El conde redactó la carta de sucesión. Y con el paso del tiempo, se encontró al borde de la muerte.

«¿Puedes oírme?»

Salió del tormento del pasado y abrió los ojos para ver a un desconocido frente a él. El rostro le resultaba familiar. Lo reconoció un instante después. A pesar de haber estudiado repetidamente el retrato más reciente, parecía que o bien la pintura era inexacta o su hijo había crecido desde entonces. Maxion era mucho más imponente en persona, pero incluso esto podría ser una alucinación.

“…¿Maxion?”

«Sí.»

El hombre, que se parecía a él, apenas mostraba expresión, pero el conde podía percibir fácilmente la agitación que se escondía tras su aparente calma. Maxion se parecía a él, pero, a diferencia del conde, era un hombre bondadoso que a menudo ayudaba a quienes se encontraban en situaciones difíciles.

¿Es esta otra ilusión provocada por la muerte?

“…”

“Mi imaginación es mejor de lo que pensaba.”

El conde no podía apartar la vista de él.

“¿Has visitado la tumba de tu madre?”

«Sí.»

¿Leíste el epitafio?

«…Sí.»

«Veo.»

Siguió un breve silencio.
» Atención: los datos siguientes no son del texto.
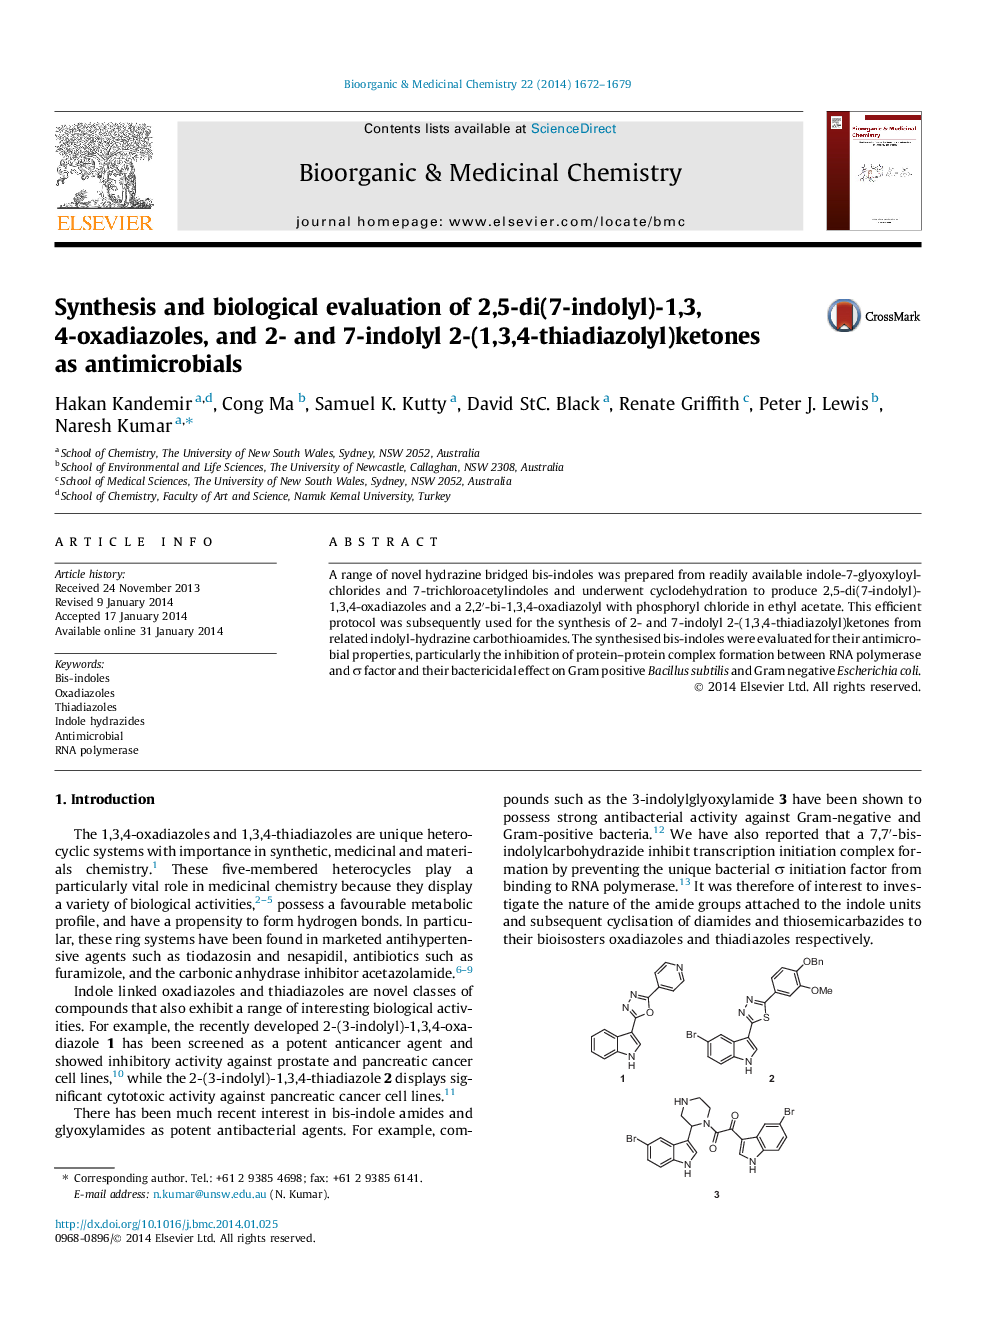 سنتز و بررسی بیولوژیکی از 2،5-دی (7-اندولیل) -1،3،4-اکسیدیاازول و 2- و 7-اندولیل 2- (1،3،4-تیادیازولیل) کتون به عنوان آنتی بیوتیک ها

El conde calmó su respiración agitada y volvió a hablar.

«…Lo lamento.»

“…”

“Esto es algo que quería decírtelo a la cara.”

Su voz tembló ligeramente. Pero no importaba, ya que solo era un sueño.

Te busqué por sentido del deber. Luego pensé que debía traspasarte la familia también por tu bien. Como tu madre se me aparecía constantemente, supuse que significaba que debía darme prisa y entregártela… Pero quizás fue mi egoísmo. Probablemente no aceptarás el título hasta después de mi muerte.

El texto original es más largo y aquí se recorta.